- **What the exercise asks**: Could you give back exactly the lines below from the one with "Grief Gemstone Bundle" through the one with "Oli & Hali: Barrel Denim Jeans", without a single picture?

- **Entries provided**:
*** Block opens ***

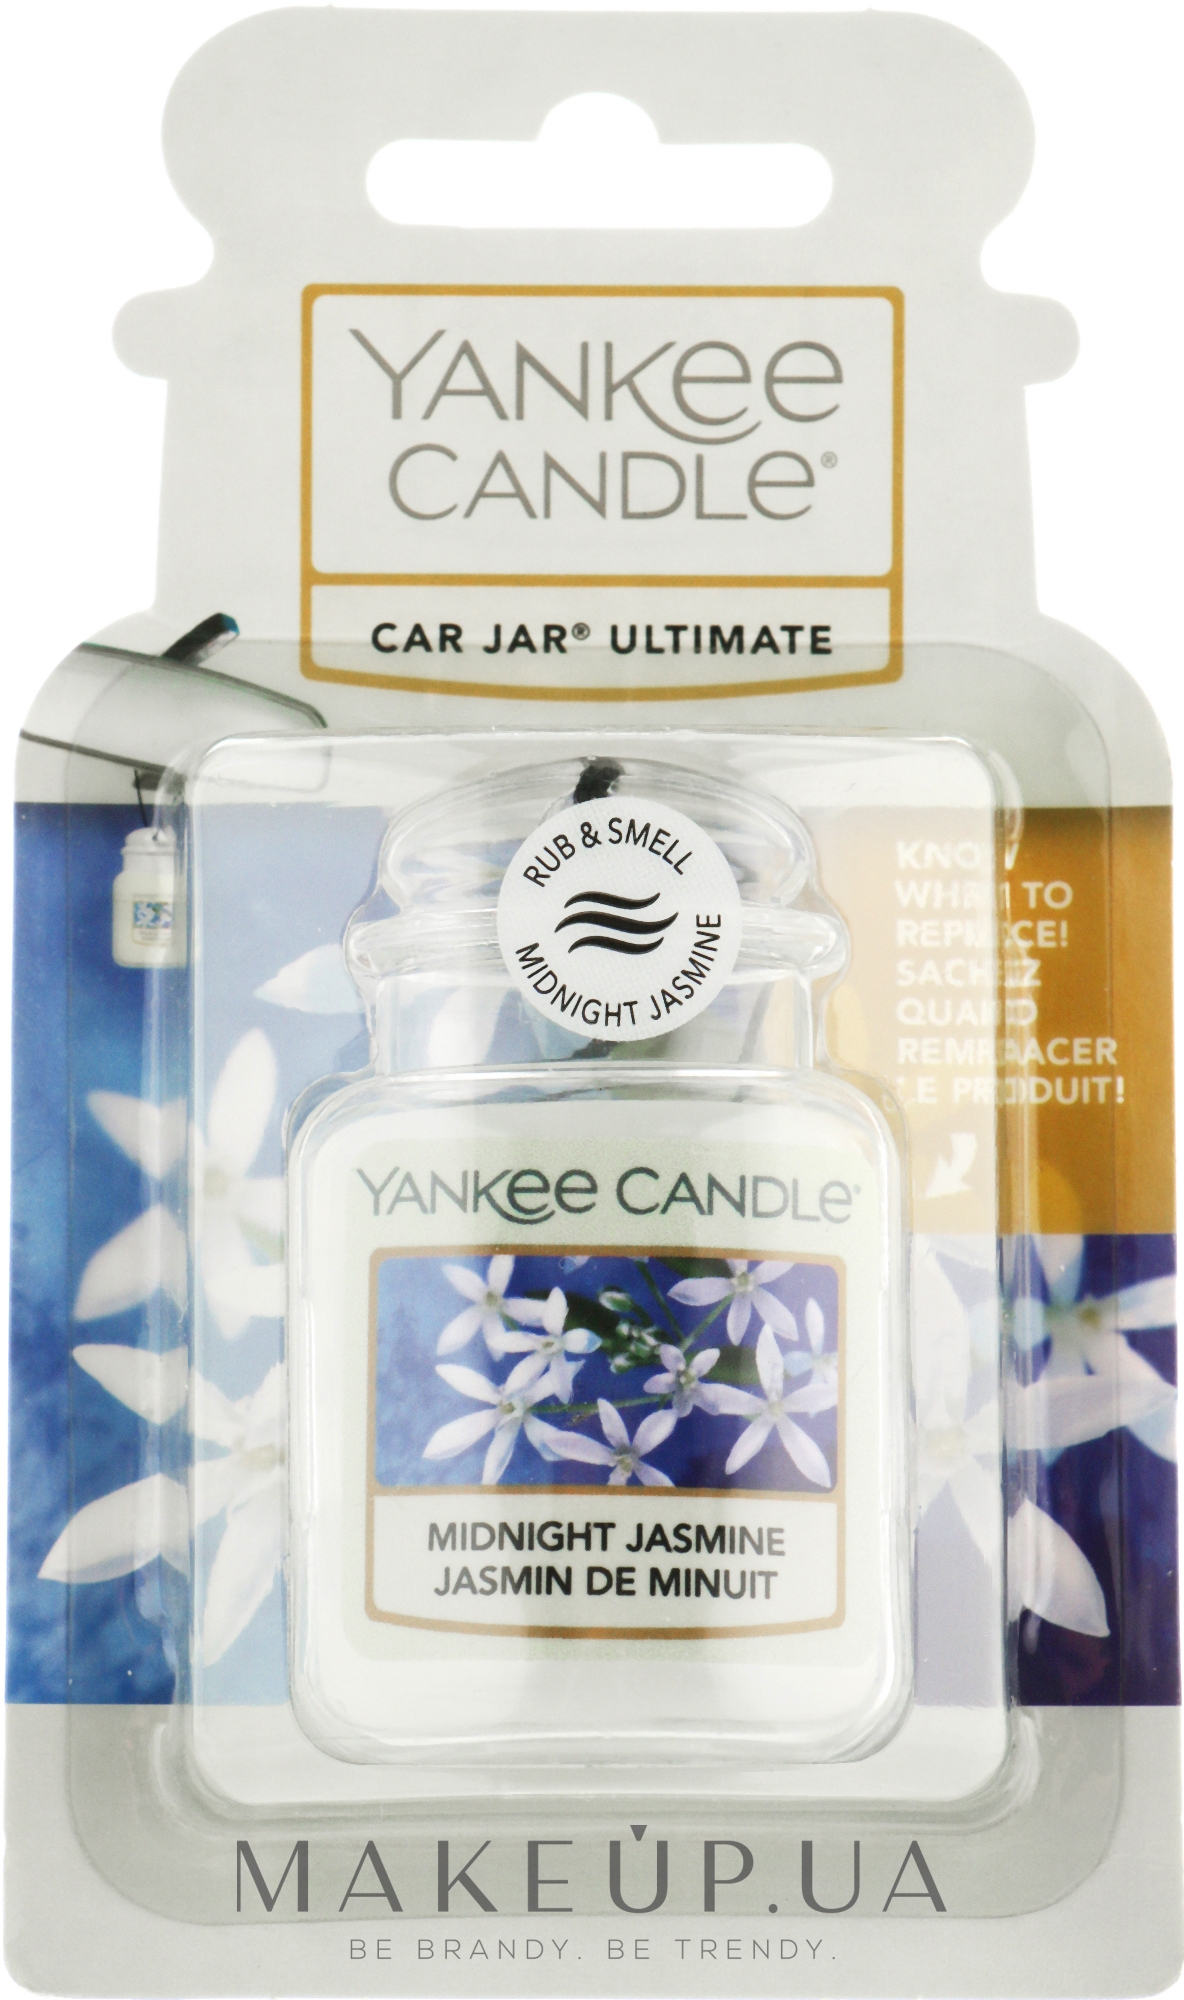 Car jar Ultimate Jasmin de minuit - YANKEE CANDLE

*** Block closes ***
*** Block opens ***

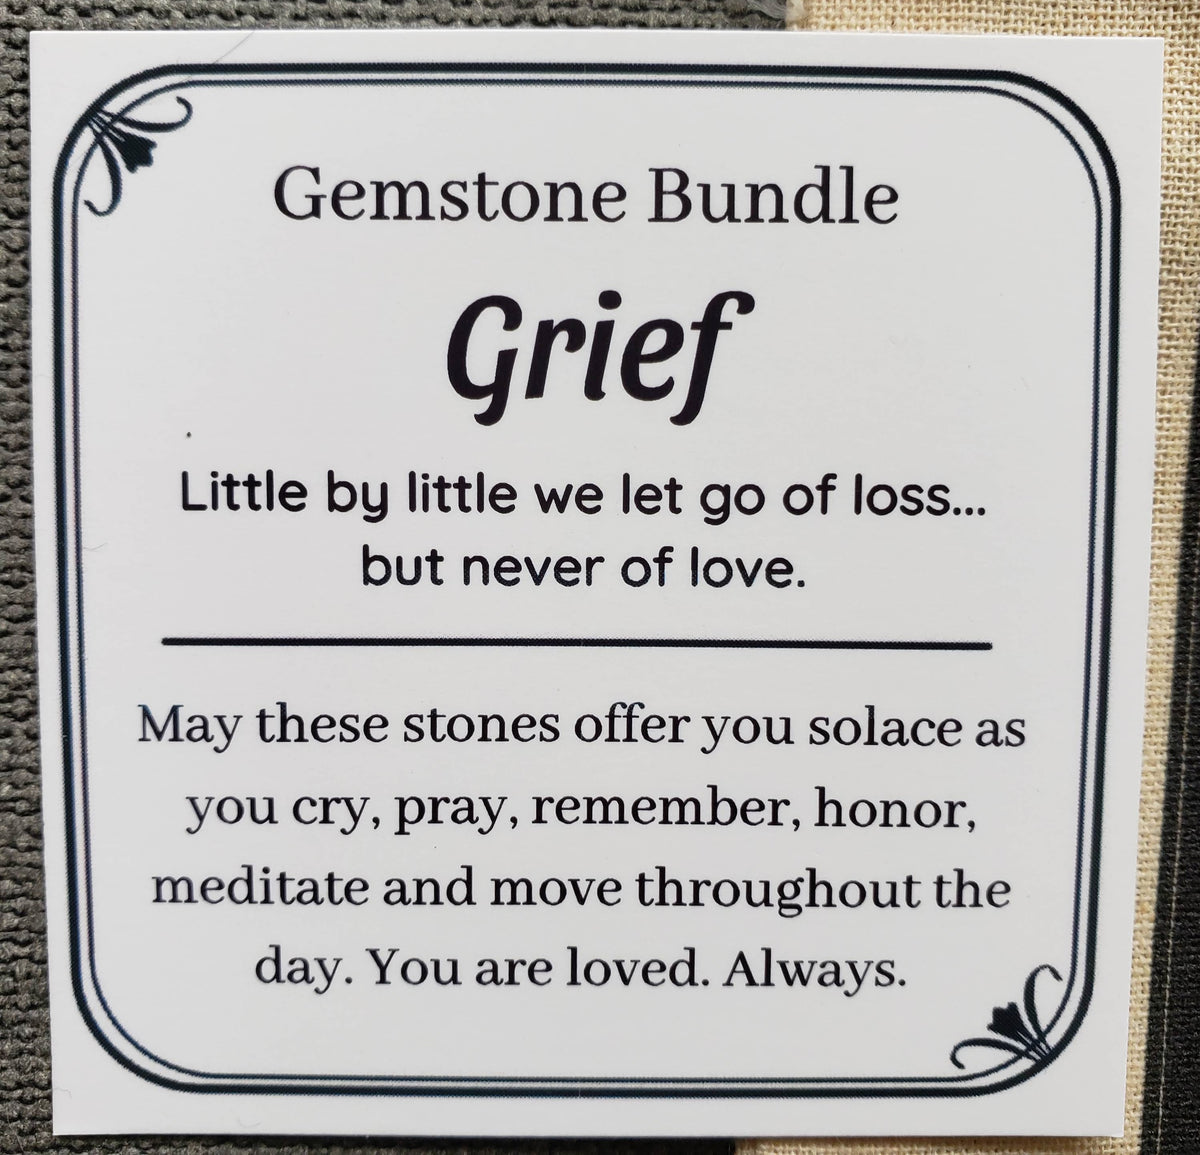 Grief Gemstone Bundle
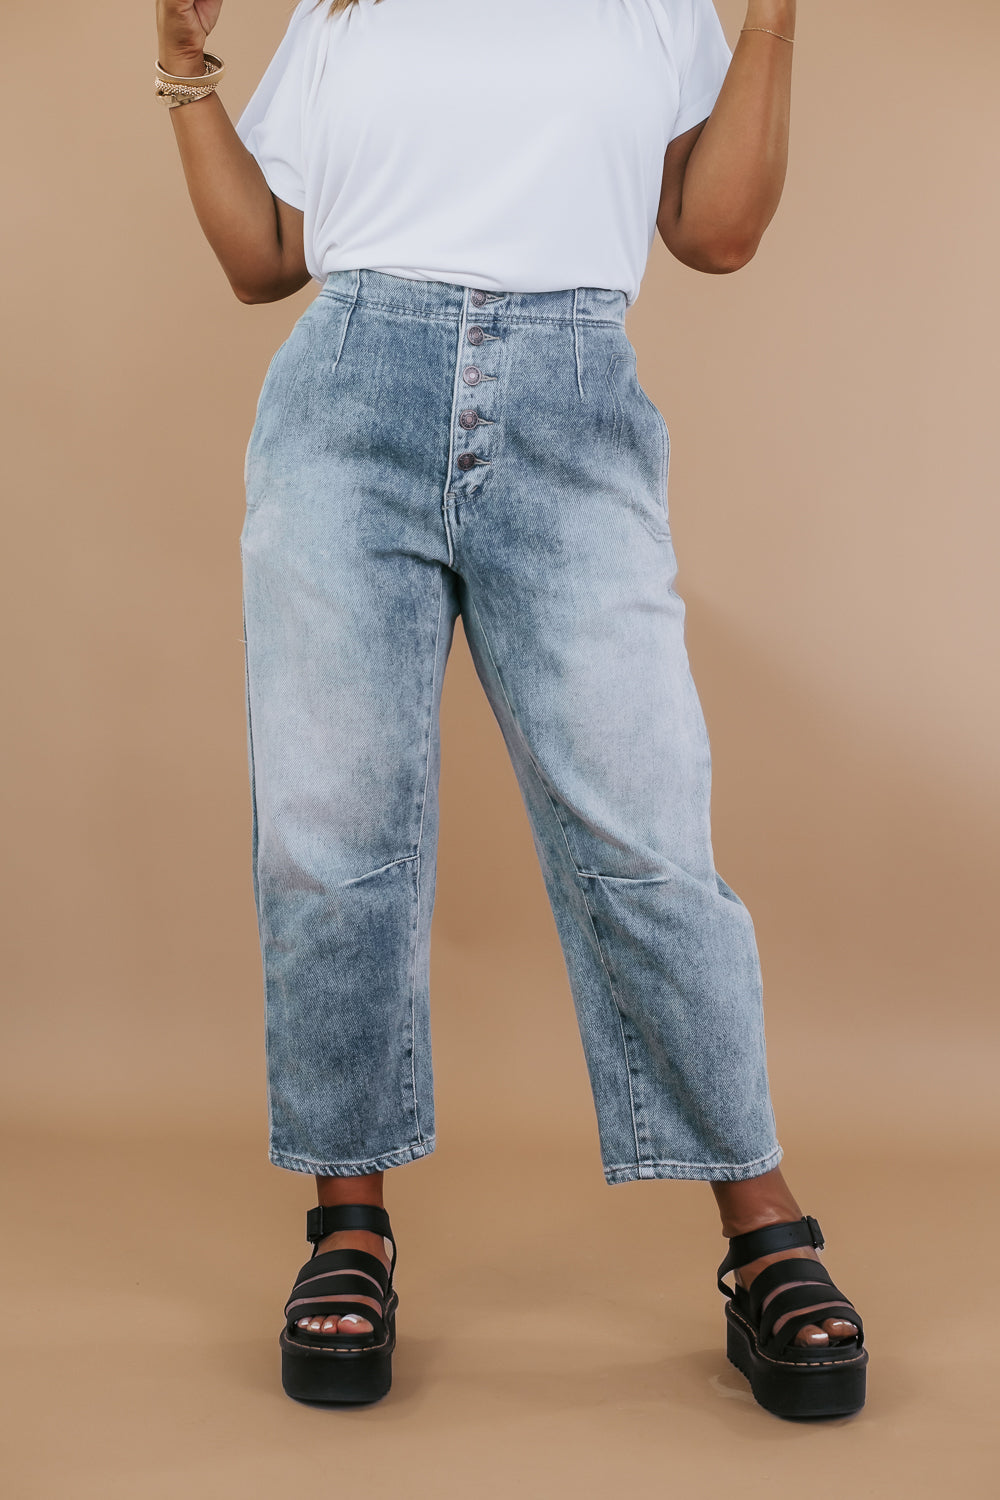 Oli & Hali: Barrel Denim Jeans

*** Block closes ***

- **Written response**:
 Grief Gemstone Bundle
 Oli & Hali: Barrel Denim Jeans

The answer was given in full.